New Oxford study on disinformation
For example, take the new University of Oxford study on disinformation, which looks at how and why entities such as political parties and government agencies use disinformation campaigns on social media. In 2017, only 28 countries – including the usual suspects such as Russia and China – were actively using disinformation online. By 2018, that number had increased to 48. And, in 2019, says Oxford, the number had spiraled up to 70 different countries.
There’s a clear trend at work here, right? Around the world, political leaders, intelligence bureau chiefs, and government agencies have caught on to the idea that social media is a remarkably easy (and fertile!) way to sway and shape people’s opinions and attitudes. Very simple tactics – such as amplifying certain messages by “flooding” certain hashtags – are remarkably effective in accomplishing these goals.
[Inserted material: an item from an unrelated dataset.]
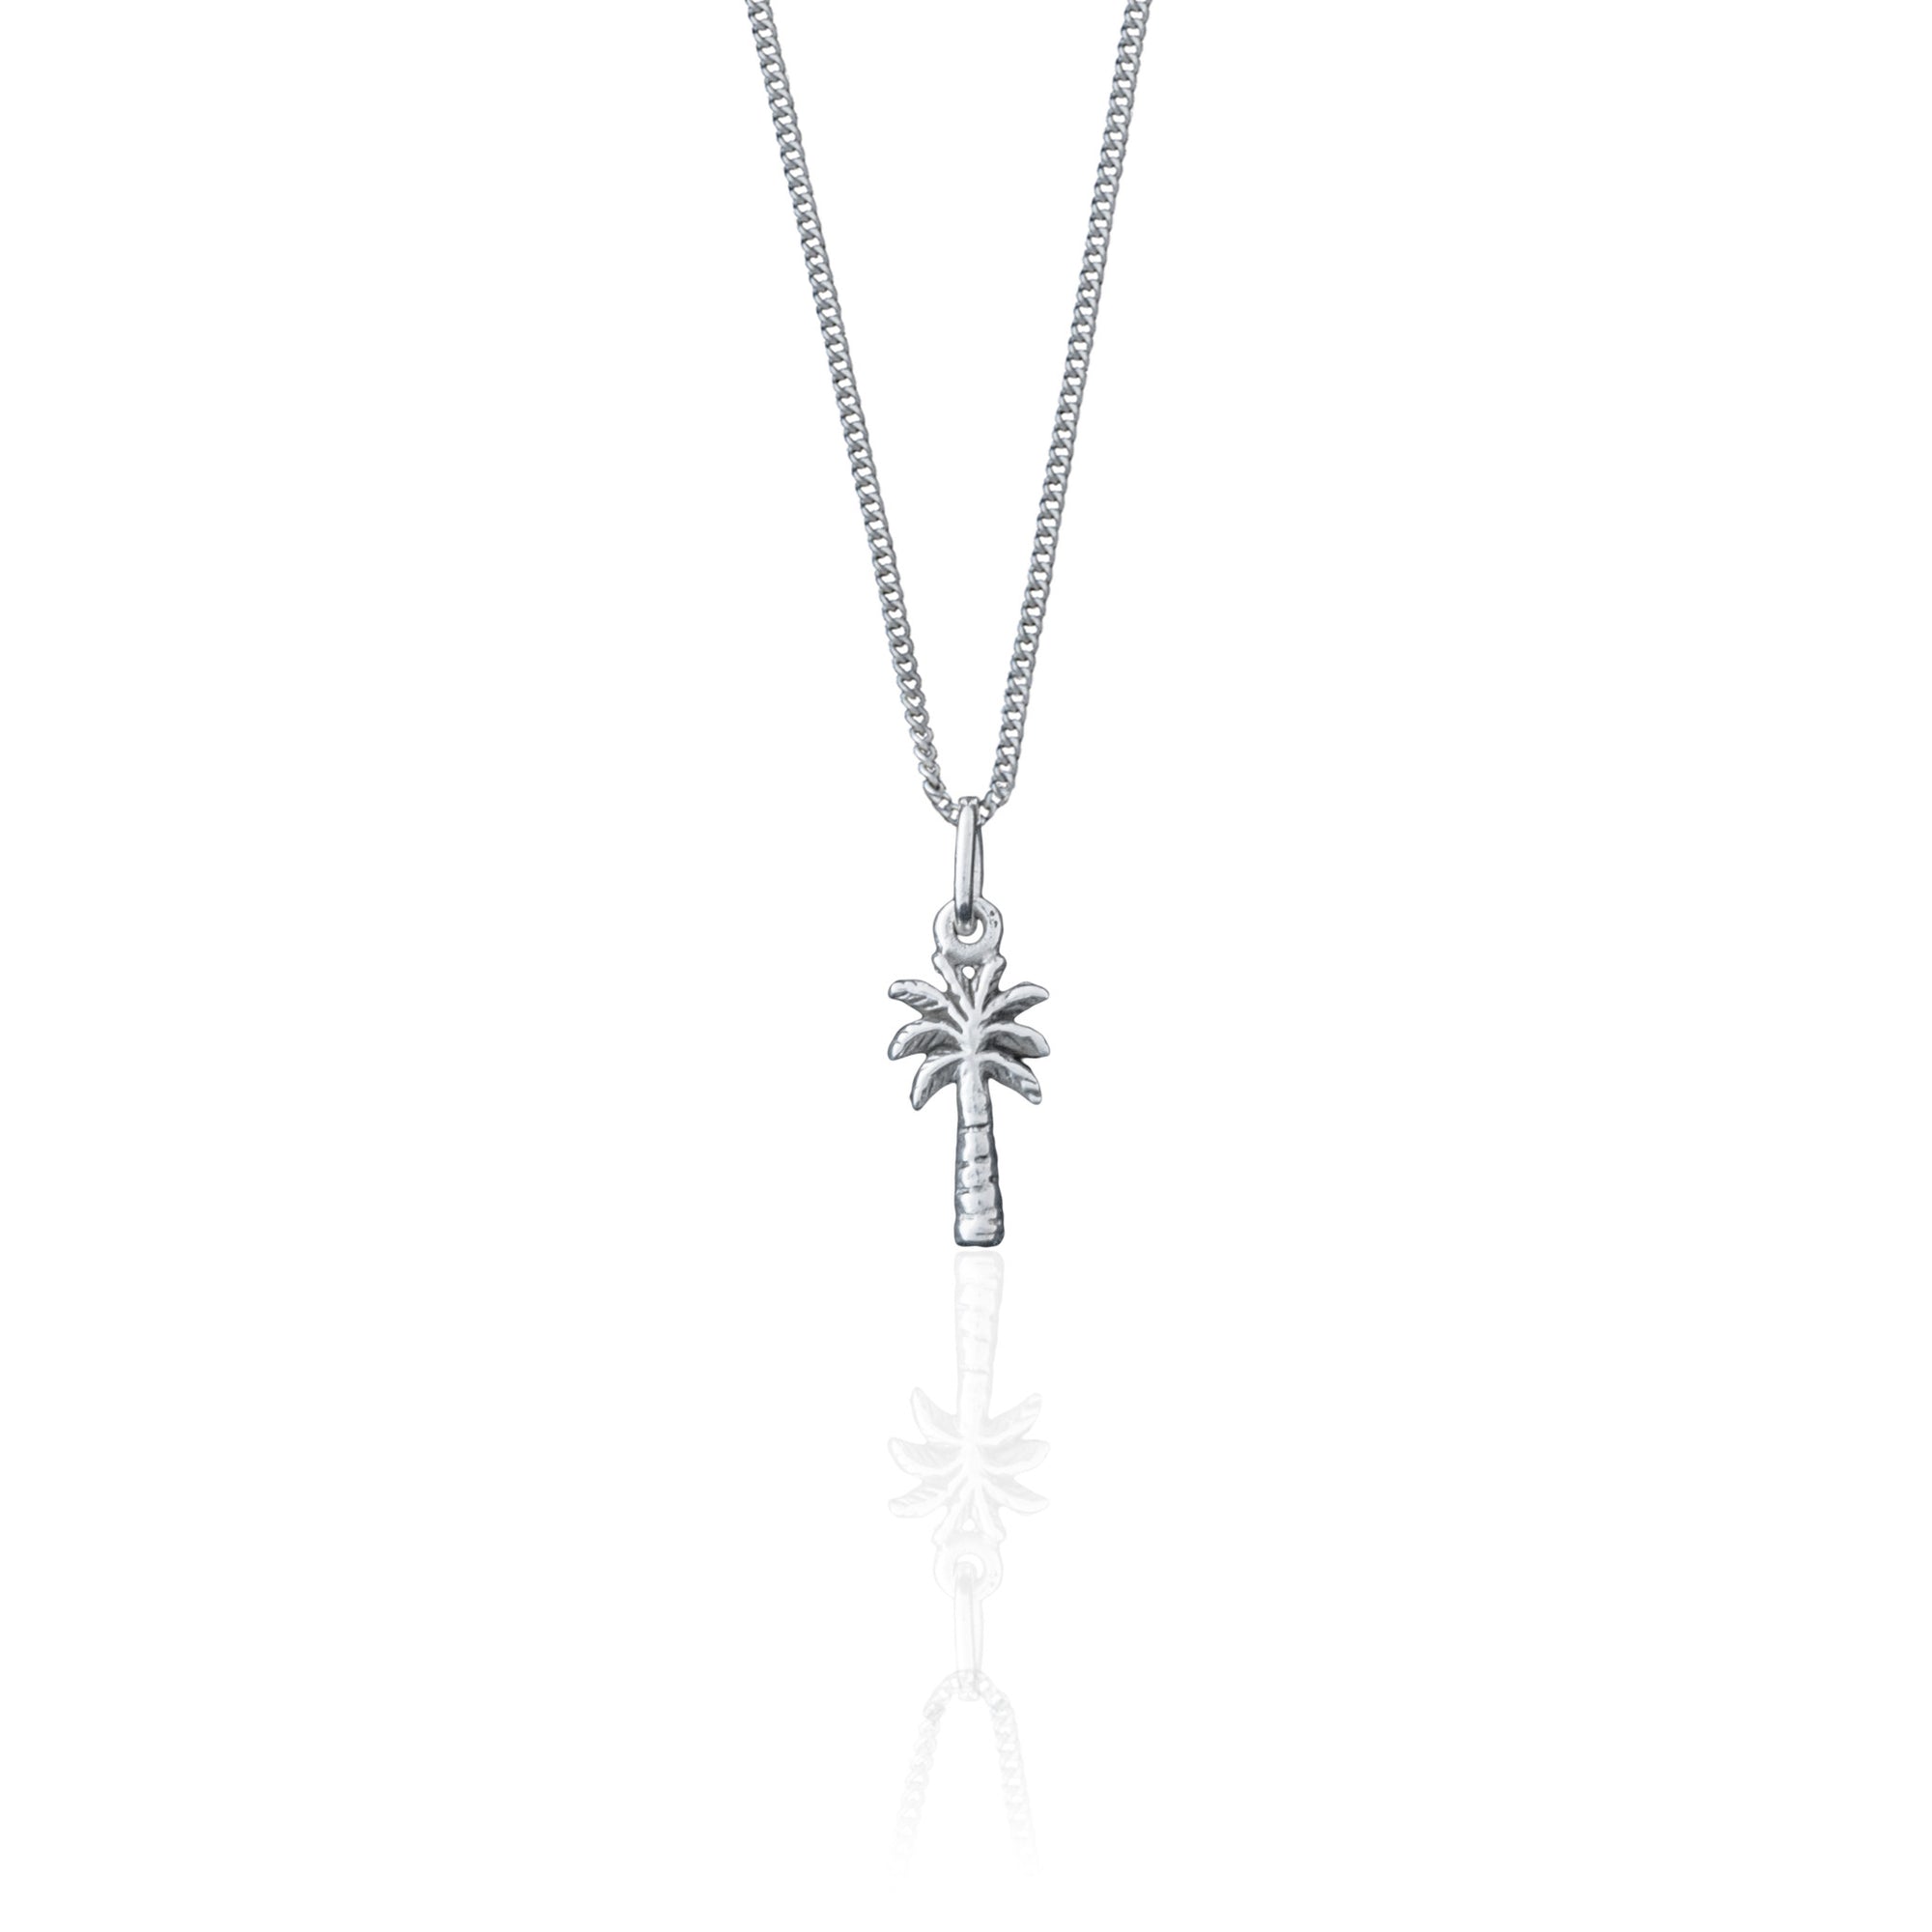 La Luna Rose Palm Springs Charm Necklace - Silver

In relatively benign cases, it might mean generating a fake show of popular support for a controversial new government initiative. In more severe cases, it might mean actively meddling in the political affairs of other nations in order to influence certain policies. (Oxford found examples of 7 nation-states that engage in this form of behavior.) And in the most severe cases, it might mean using social media to suppress human rights, mute members of the political opposition, and harass political rivals.
How can Facebook stop this flood of disinformation?
When faced with this sort of behavior, Facebook simply has not done enough to make the platform safe for users. Most people use social media simply to stay connected with friends and family, and have no interest whatsoever in seeing a constant stream of politically motivated content in their newsfeeds. So why not give them an option to filter out keywords, tweets or other content that is political in nature? This is not censorship because the content would still exist – but it would simply be hidden from view. Facebook would simply give users the right to opt-out.
For Facebook, it’s important to keep in mind that too much political content (whether misinformation, disinformation or the steady stream of political BS from both the Left and Right) ruins the social media experience. For example, a recent Pew Research Center study found that 59% of people found political content on social media to be “stressful and frustrating.”
Stop the disinformation before 2020
More and more, political content on Facebook is leading to political divisiveness and partisan fervor. With the 2020 election right around the corner, it’s natural to expect that this level of divisiveness and partisan fervor is going to be off the charts for the next year. There’s still time for Facebook to act before both Democrats and Republicans crank up their misinformation and disinformation campaigns. Mr. Zuckerberg, the ball is now in your court.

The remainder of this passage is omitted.